- **SOURCE MATERIAL**
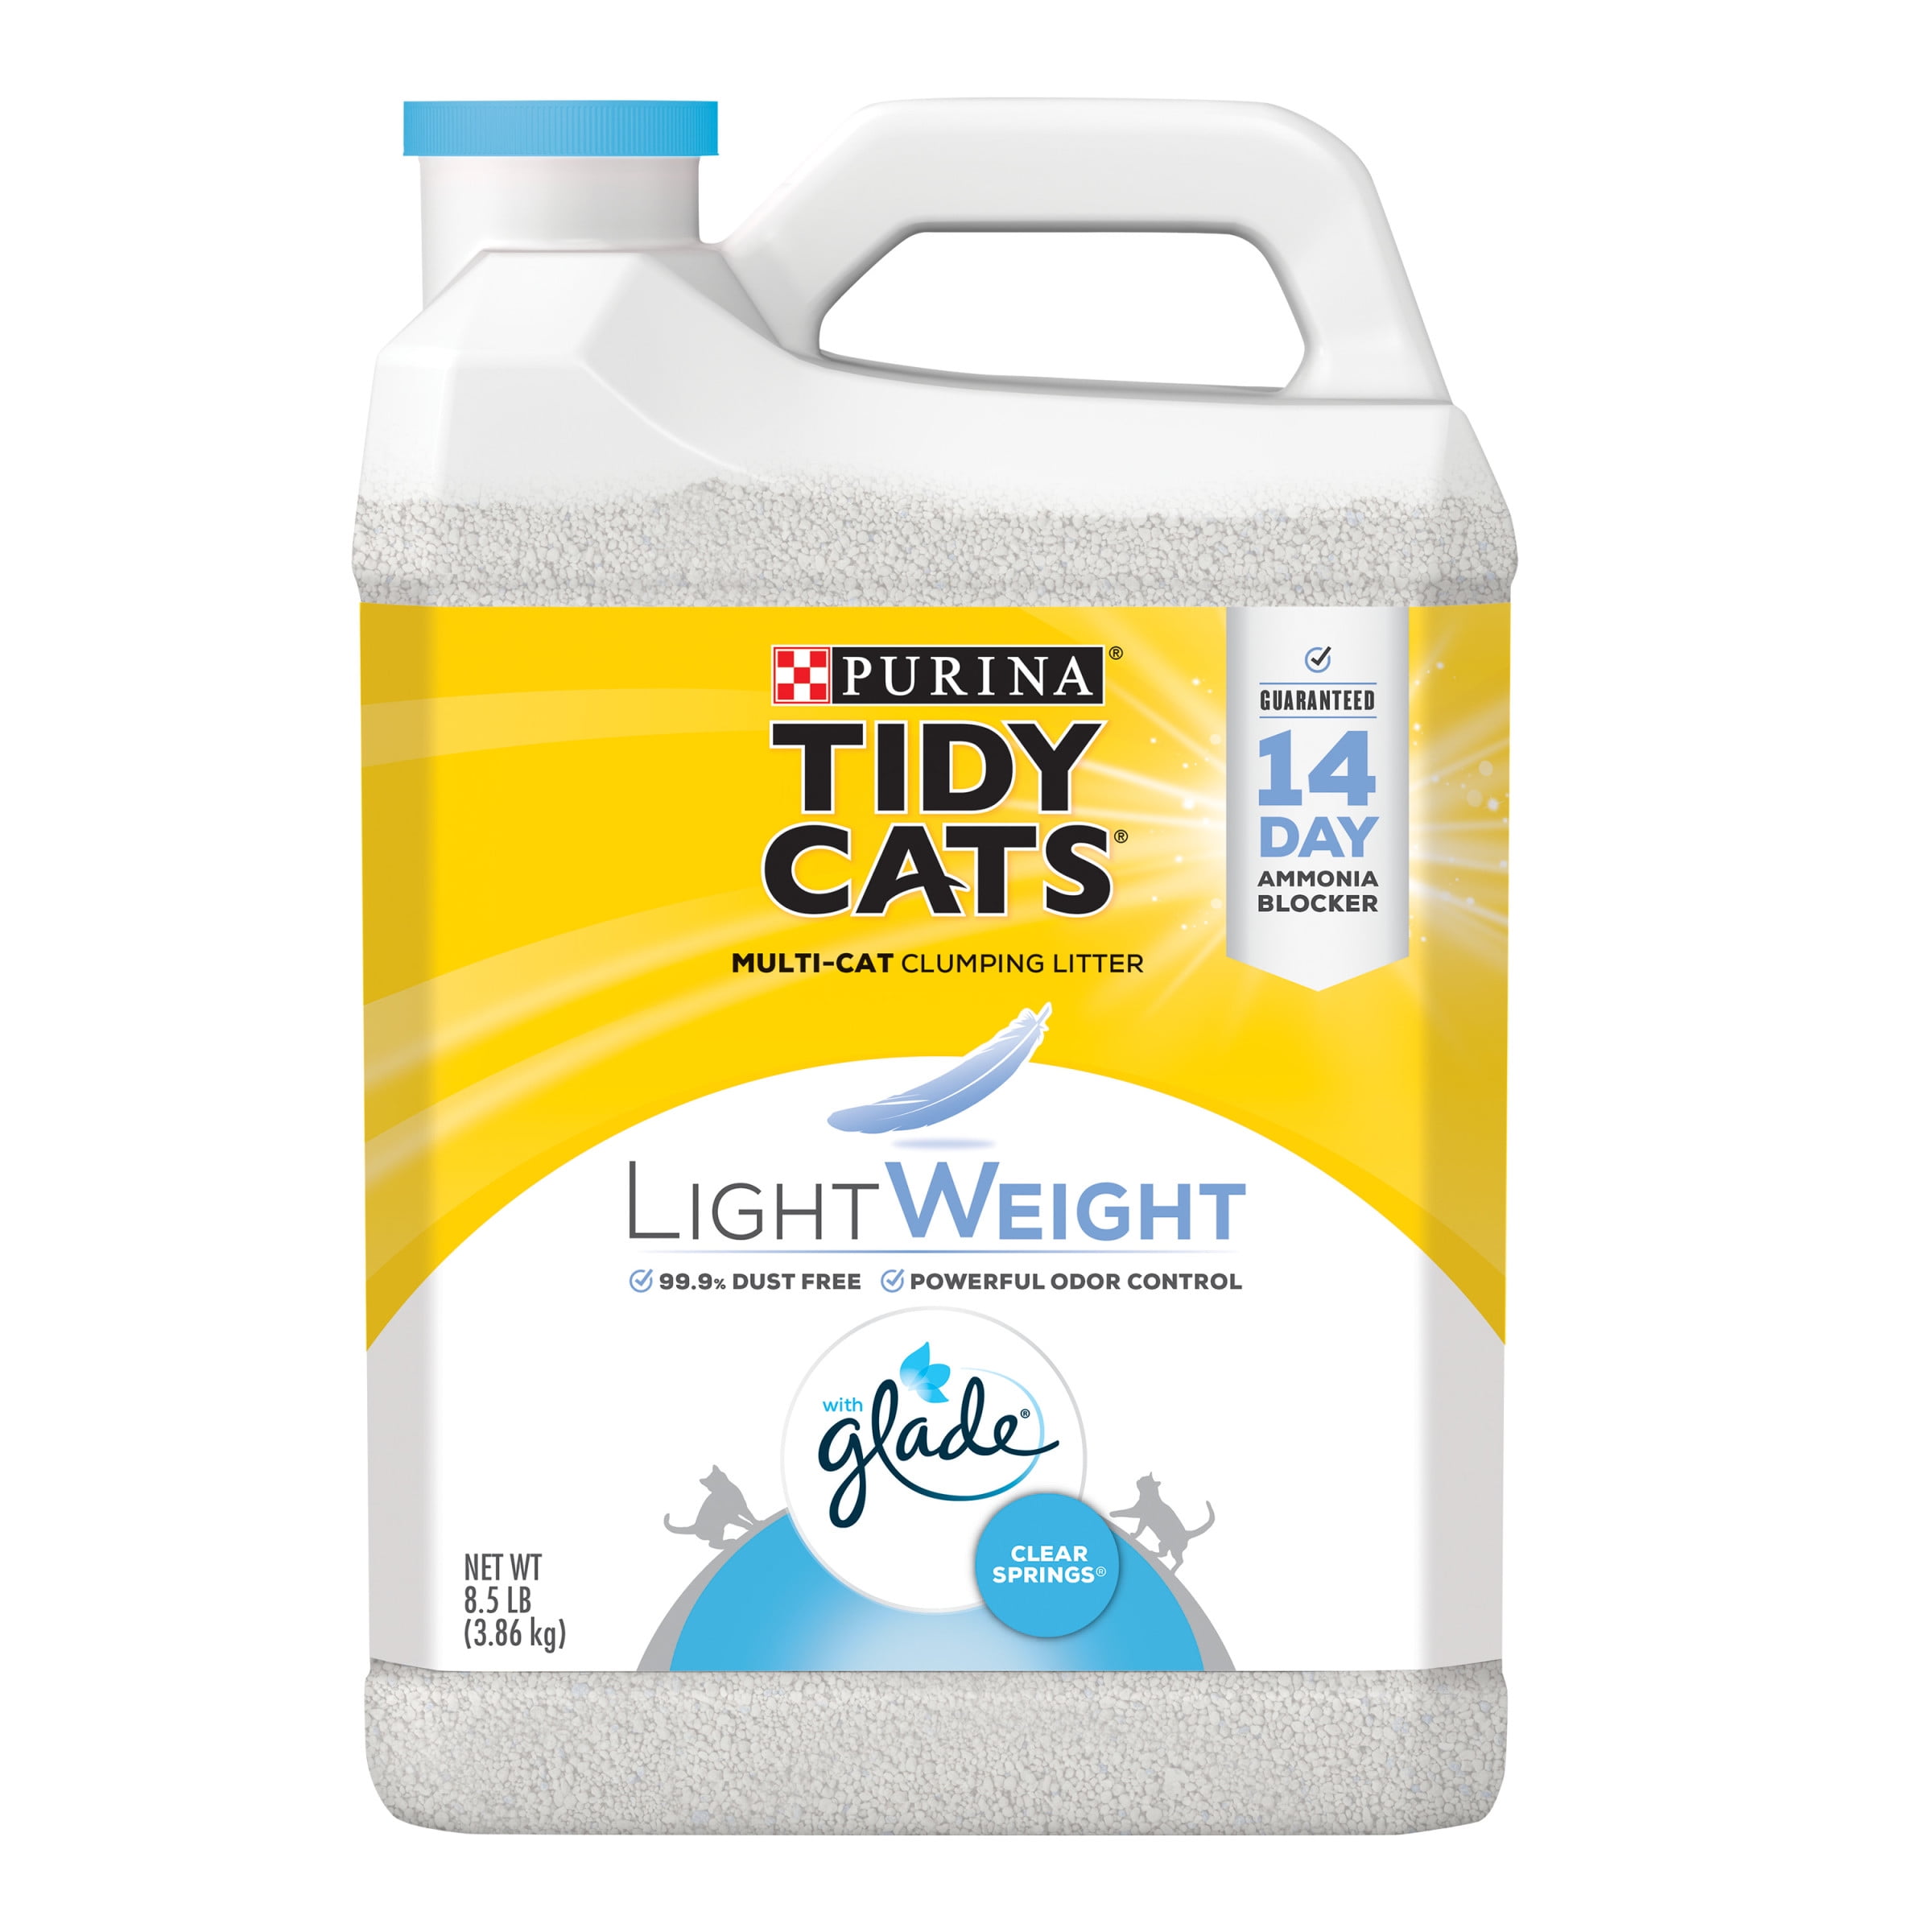 Purina Tidy Cats Low Dust Clumping Cat Litter, LightWeight Glade Clear Springs Multi Cat Litter, 8.5 lb. Jug
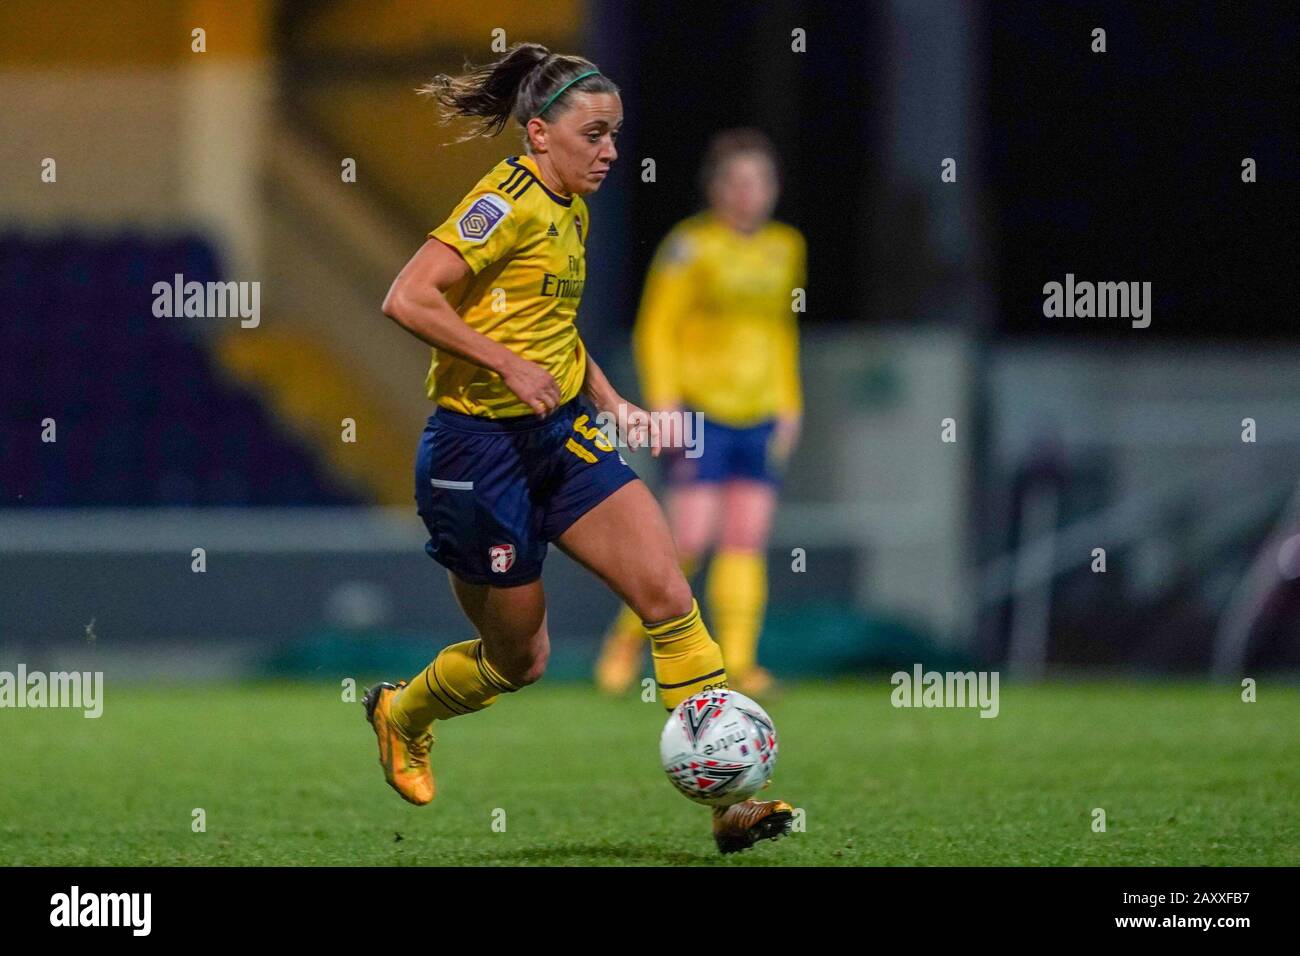 CHESTER. ENGLAND. FEB 13th: Katie McCabe of Arsenal on the ball  during the Women’s Super League game between Liverpool Women and Arsenal Women at The Deva Stadium in Chester, England. (Photo by Daniela Porcelli/SPP) Stock Photo
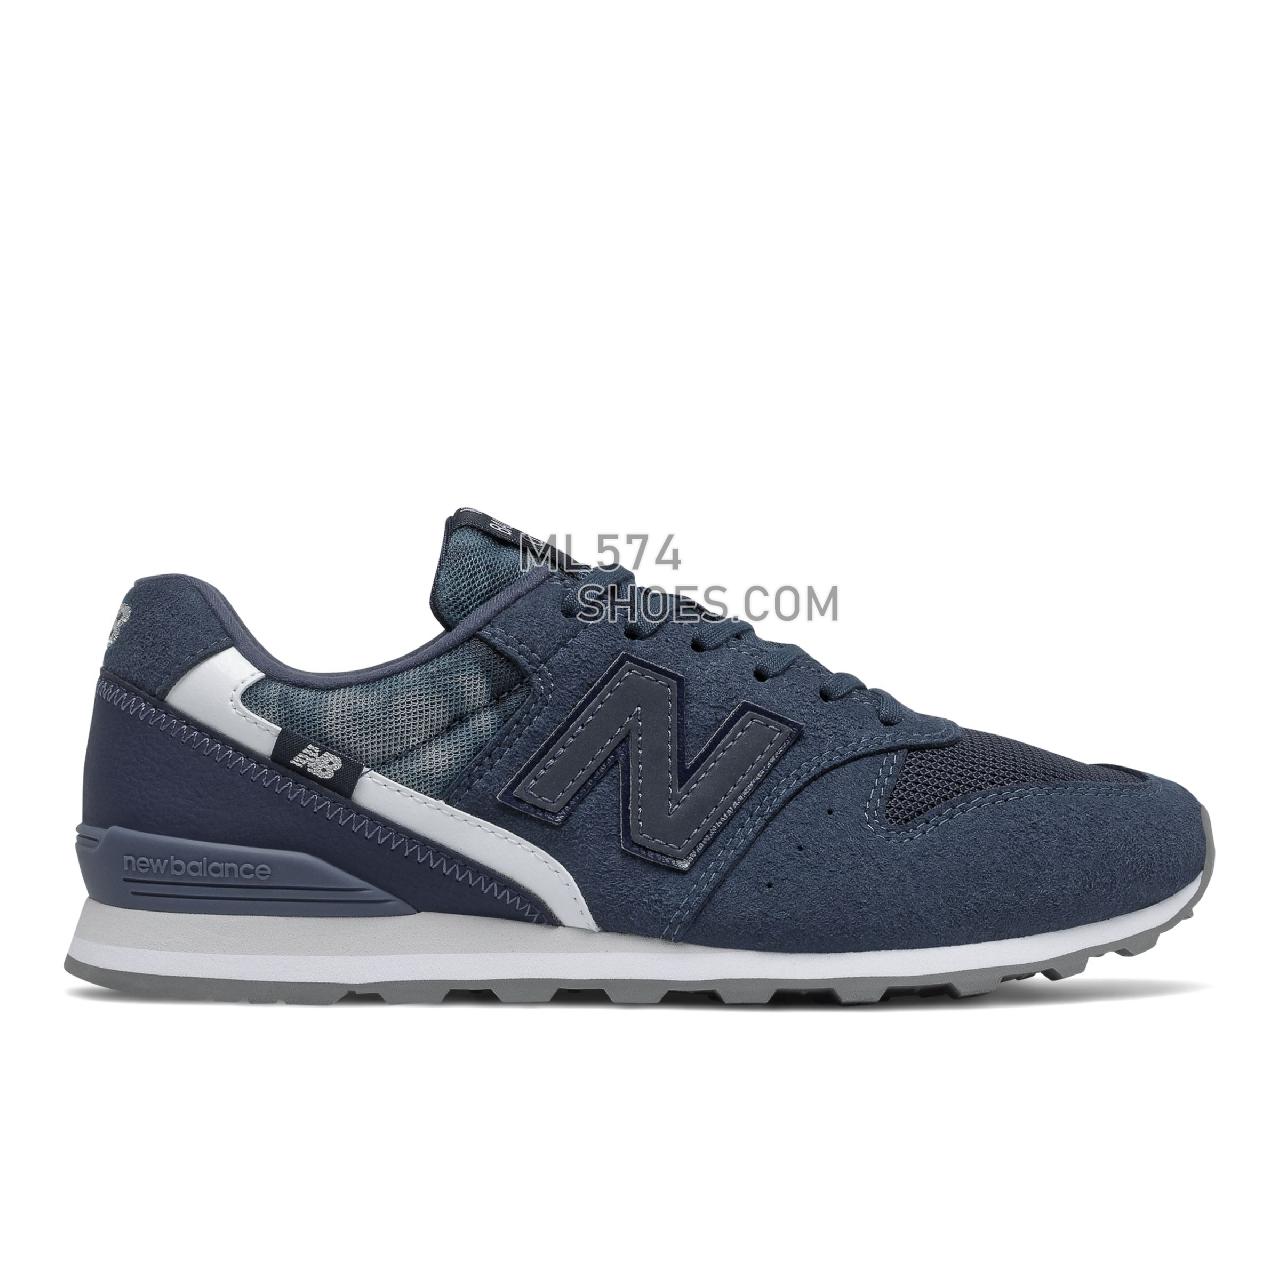 New Balance WL996v2 - Women's Classic Sneakers - Natural Indigo with White - WL996FPD

- **REQUIRED ACTION**
Leave out the pictures. Transcribe only the lines above, from the first through the one that contains "CHESTER. ENGLAND. FEB".

- **SOLVED PROBLEM**
 Purina Tidy Cats Low Dust Clumping Cat Litter, LightWeight Glade Clear Springs Multi Cat Litter, 8.5 lb. Jug
 CHESTER. ENGLAND. FEB 13th: Katie McCabe of Arsenal on the ball  during the Women’s Super League game between Liverpool Women and Arsenal Women at The Deva Stadium in Chester, England. (Photo by Daniela Porcelli/SPP) Stock Photo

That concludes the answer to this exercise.